• ACTIVITY
Pictures are to be left out, and only the lines from the one with "Colorful dance floor" through the last line of the listing below are to be repeated exactly.
Top of DATA BELOW
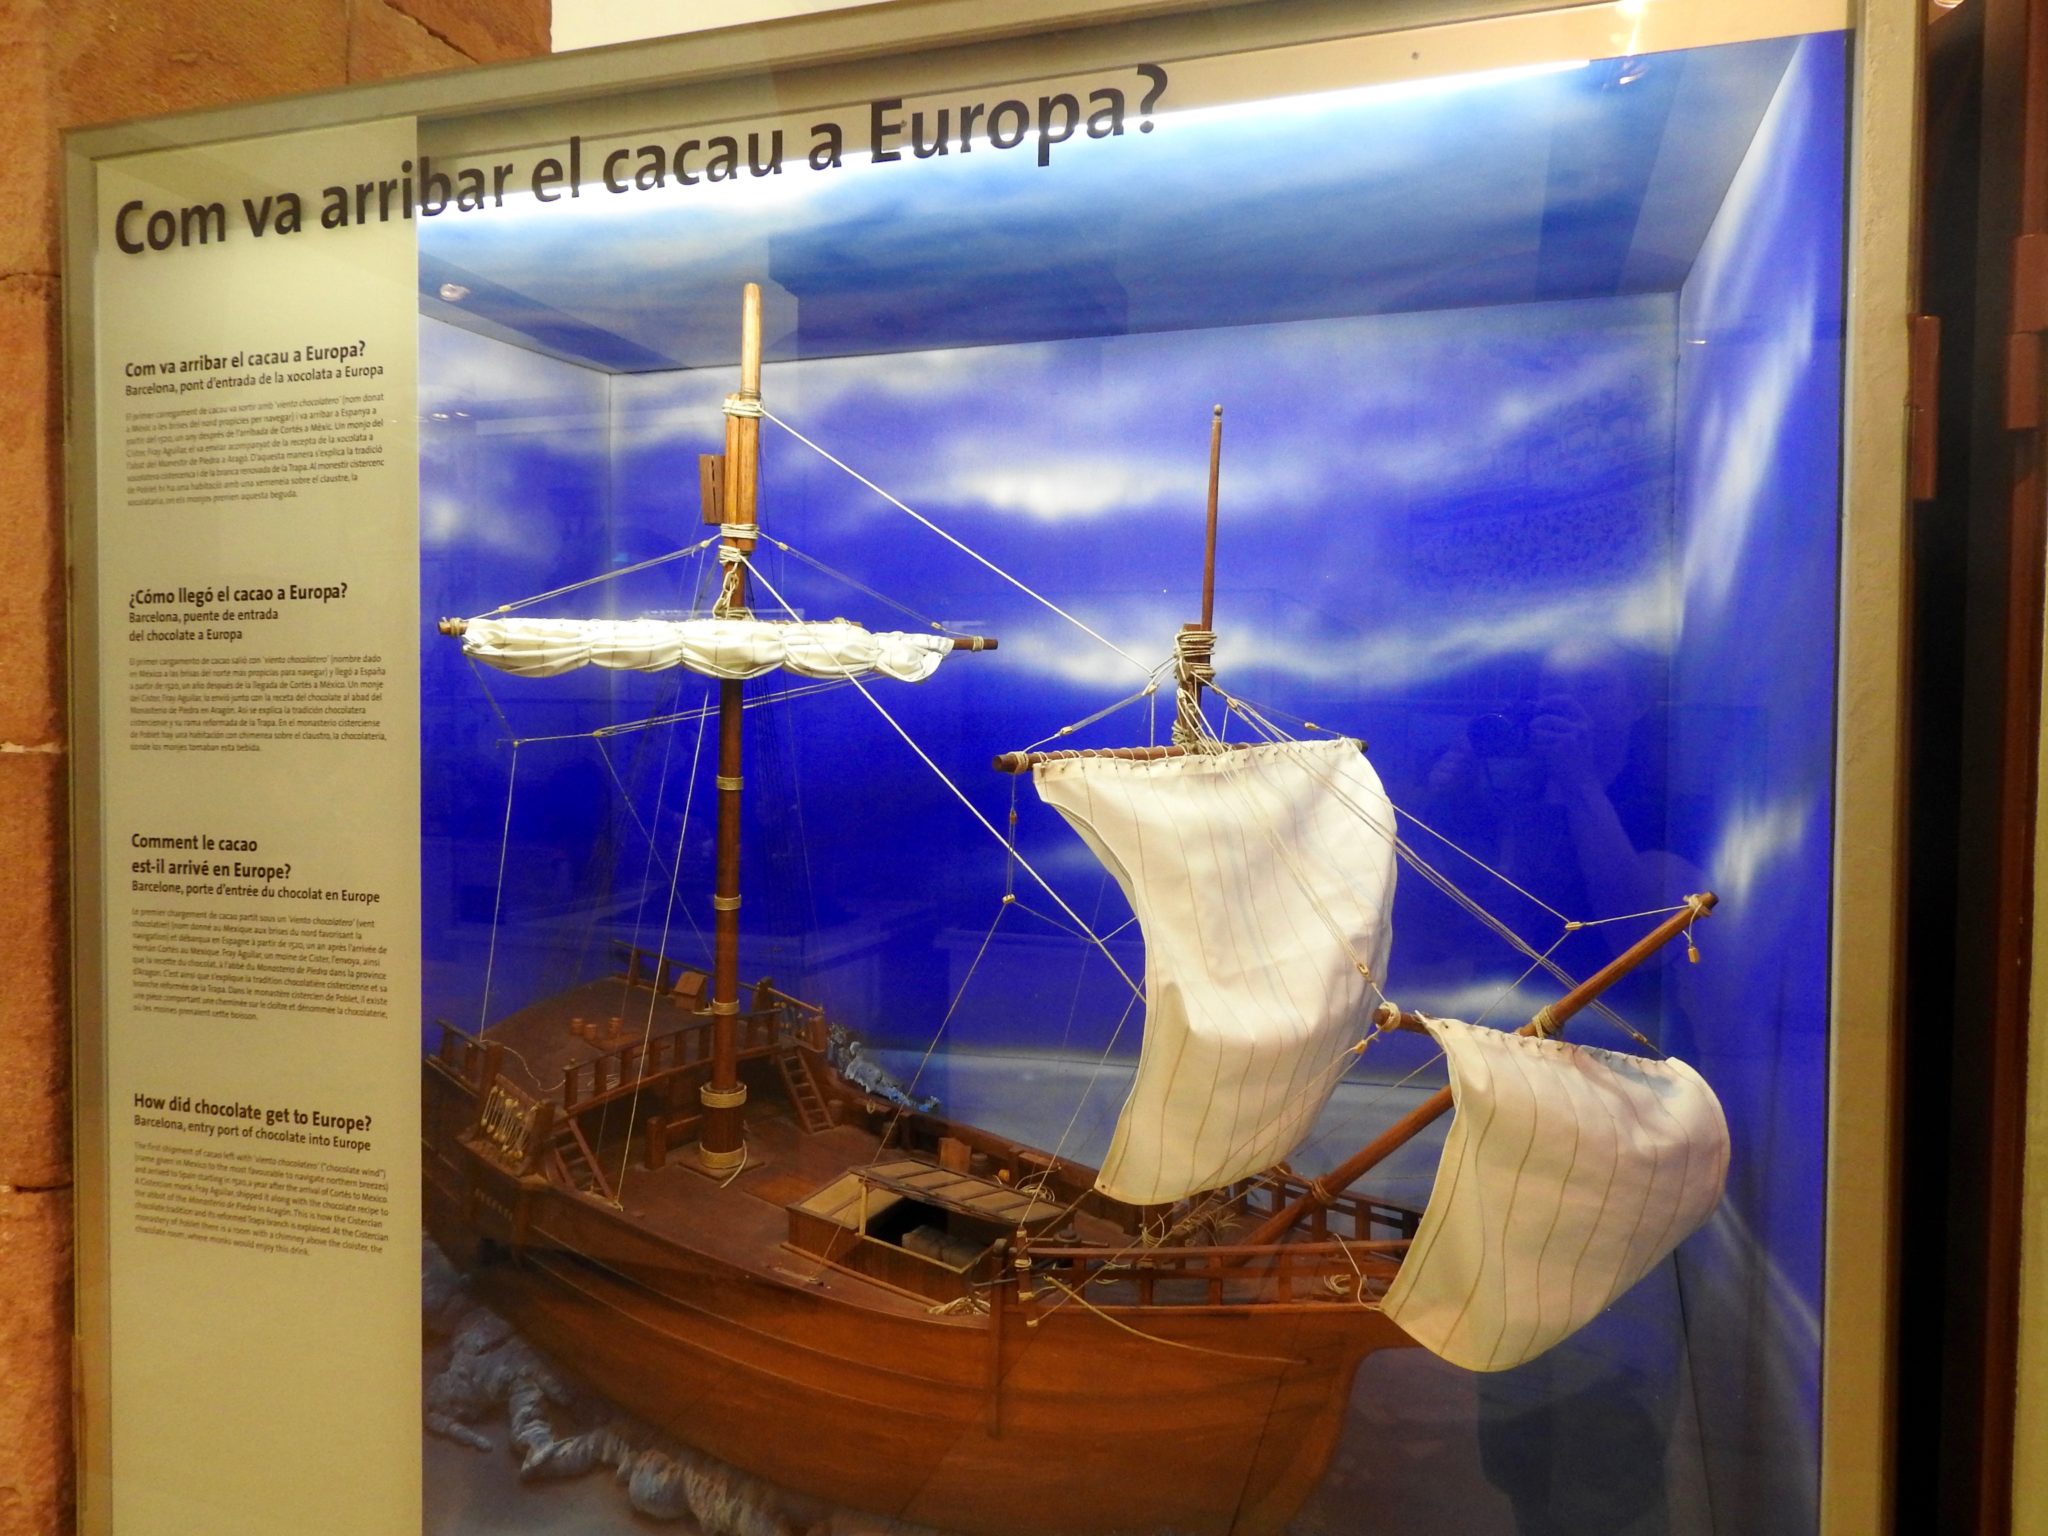 Chocolate museum exhibit showing Spanish ship
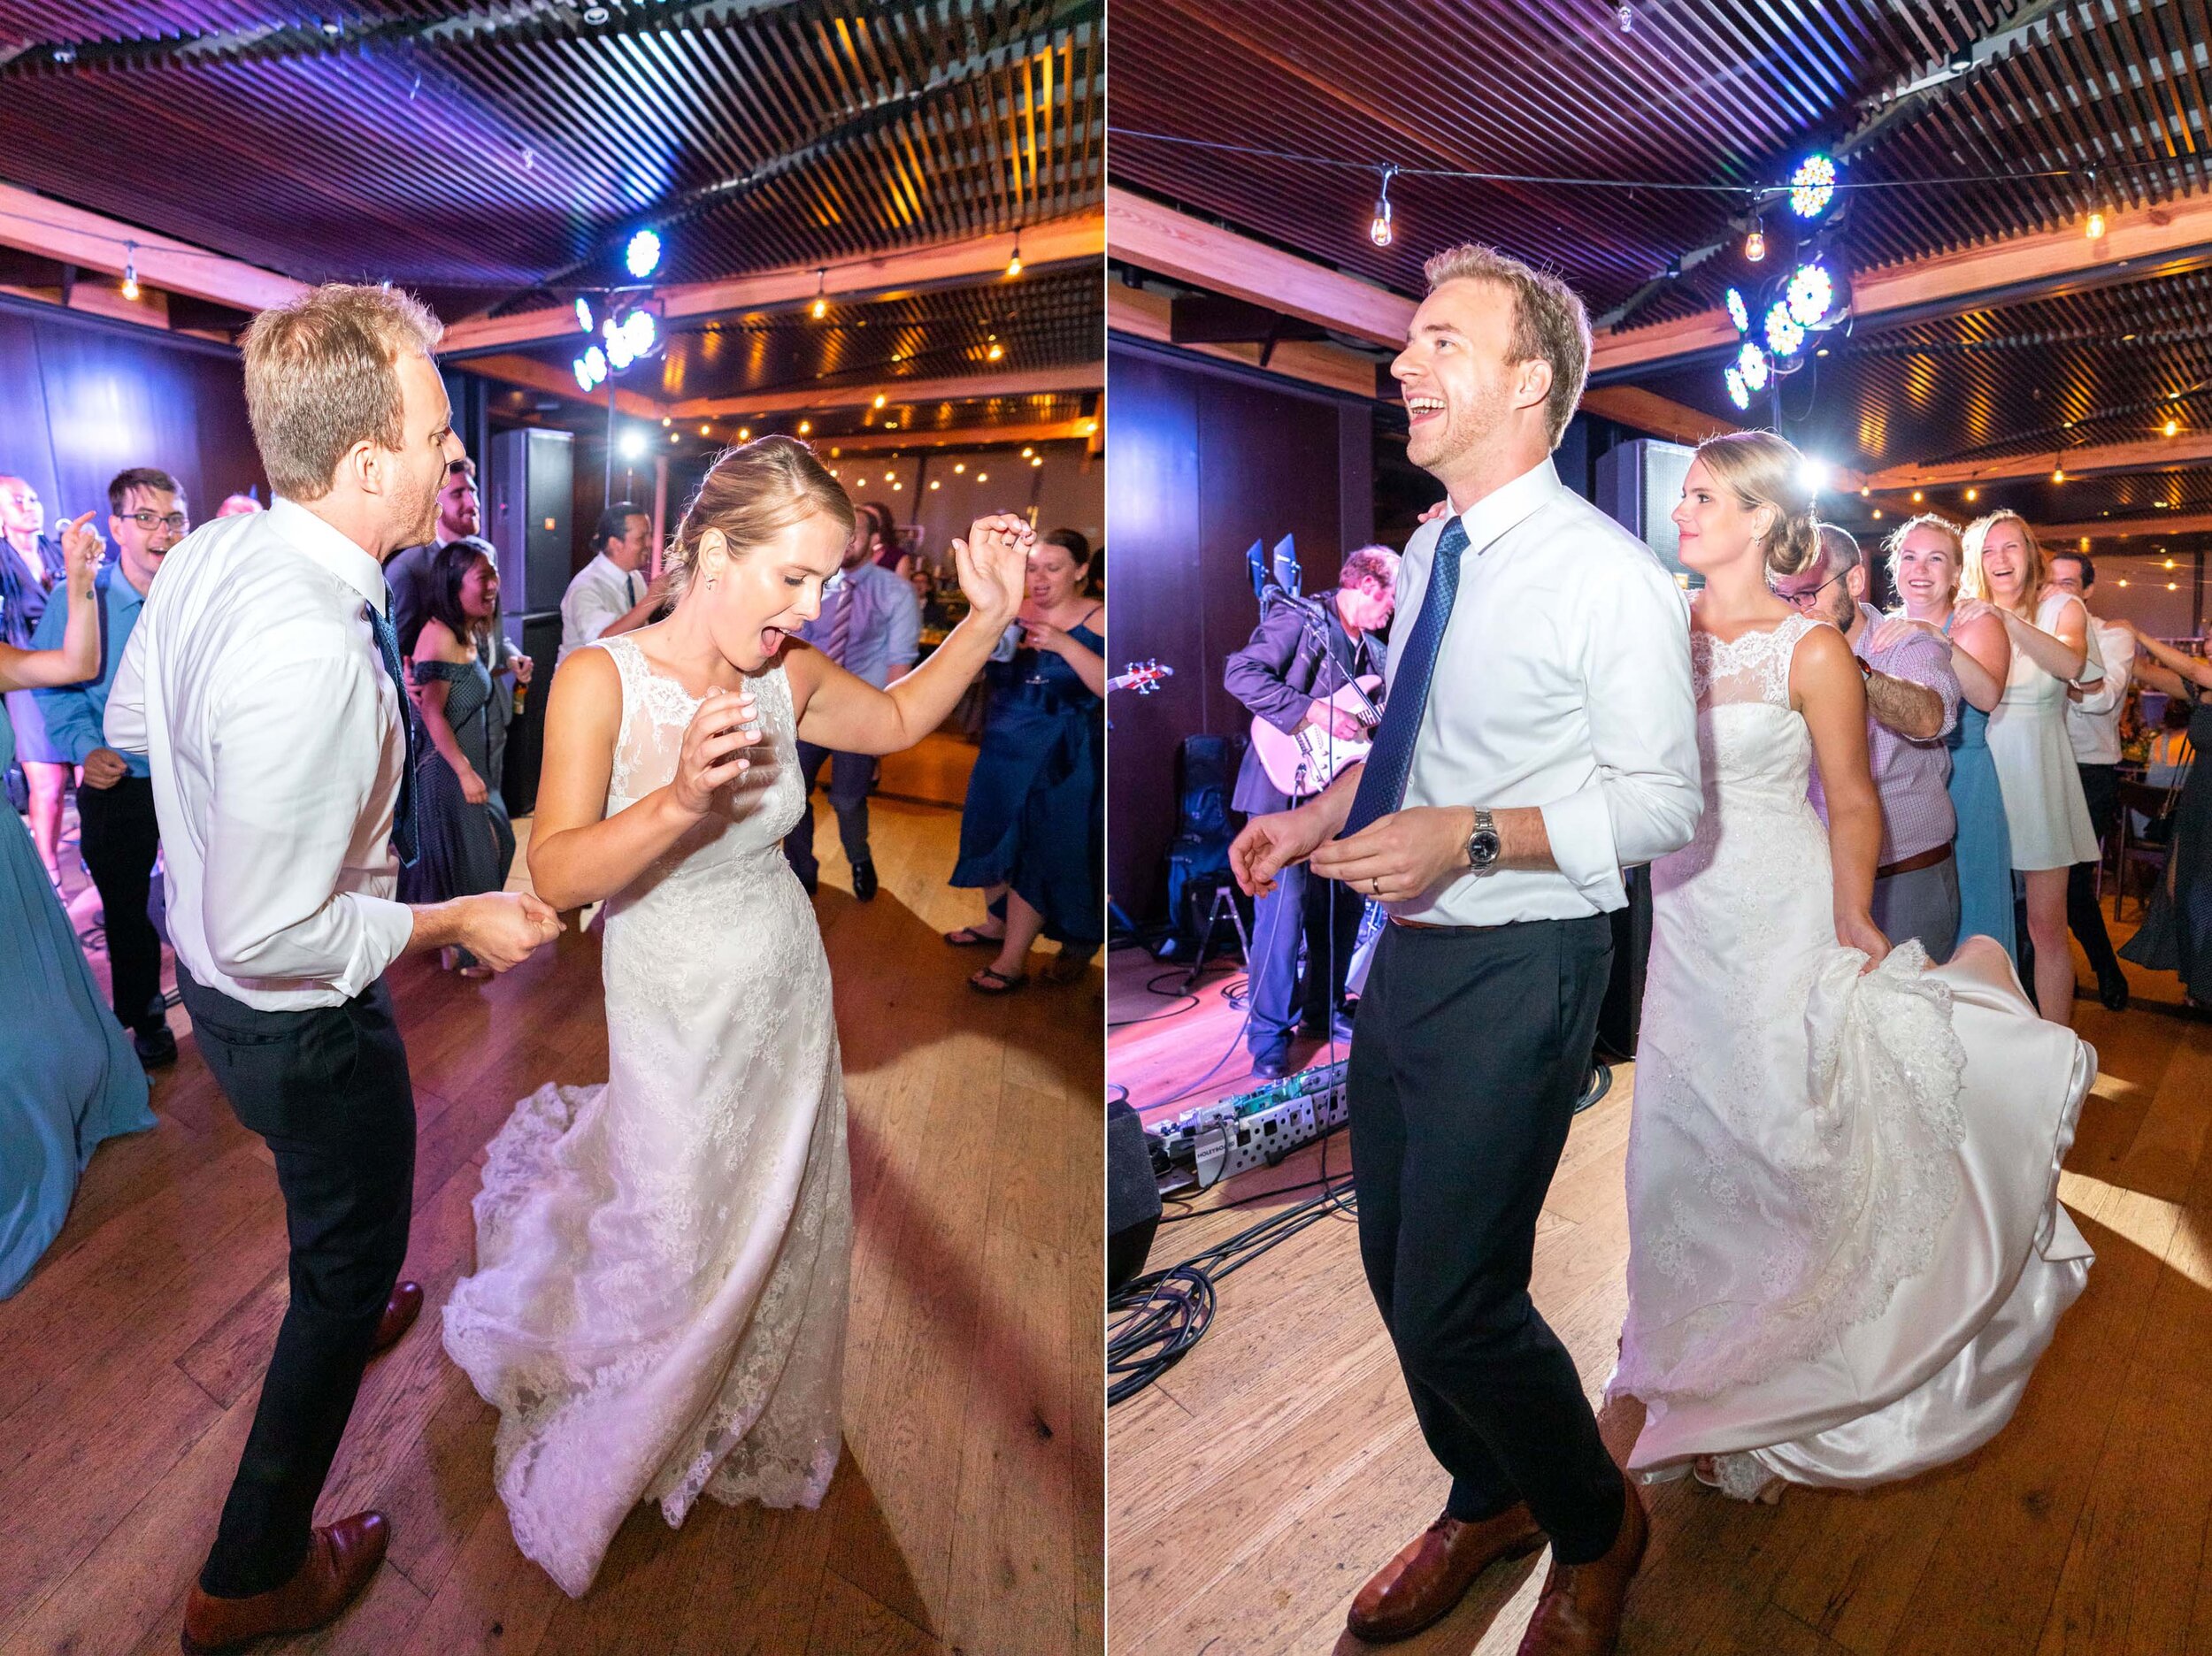 Colorful dance floor photos with fun wedding photographer
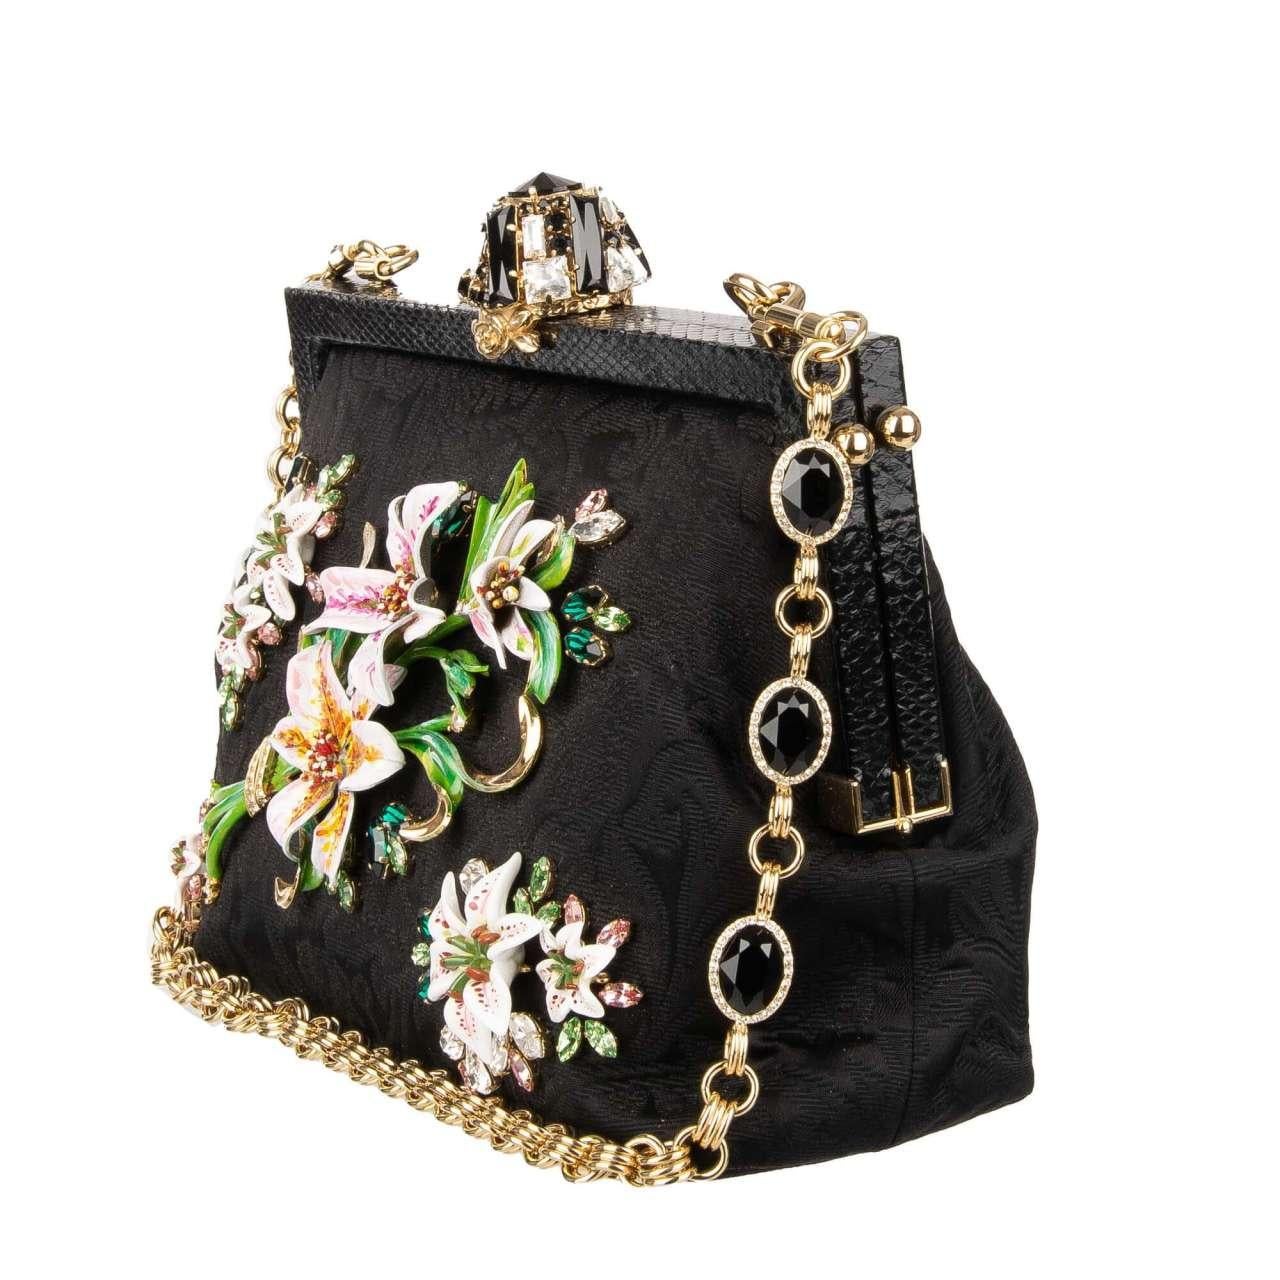 D&G - Lily Brocade Crystal Chain Snakeskin Evening Clutch Bag VANDA Black For Sale 1
Bottom of DATA BELOW
• OUTPUT FOR THIS TASK
 Colorful dance floor photos with fun wedding photographer
 D&G - Lily Brocade Crystal Chain Snakeskin Evening Clutch Bag VANDA Black For Sale 1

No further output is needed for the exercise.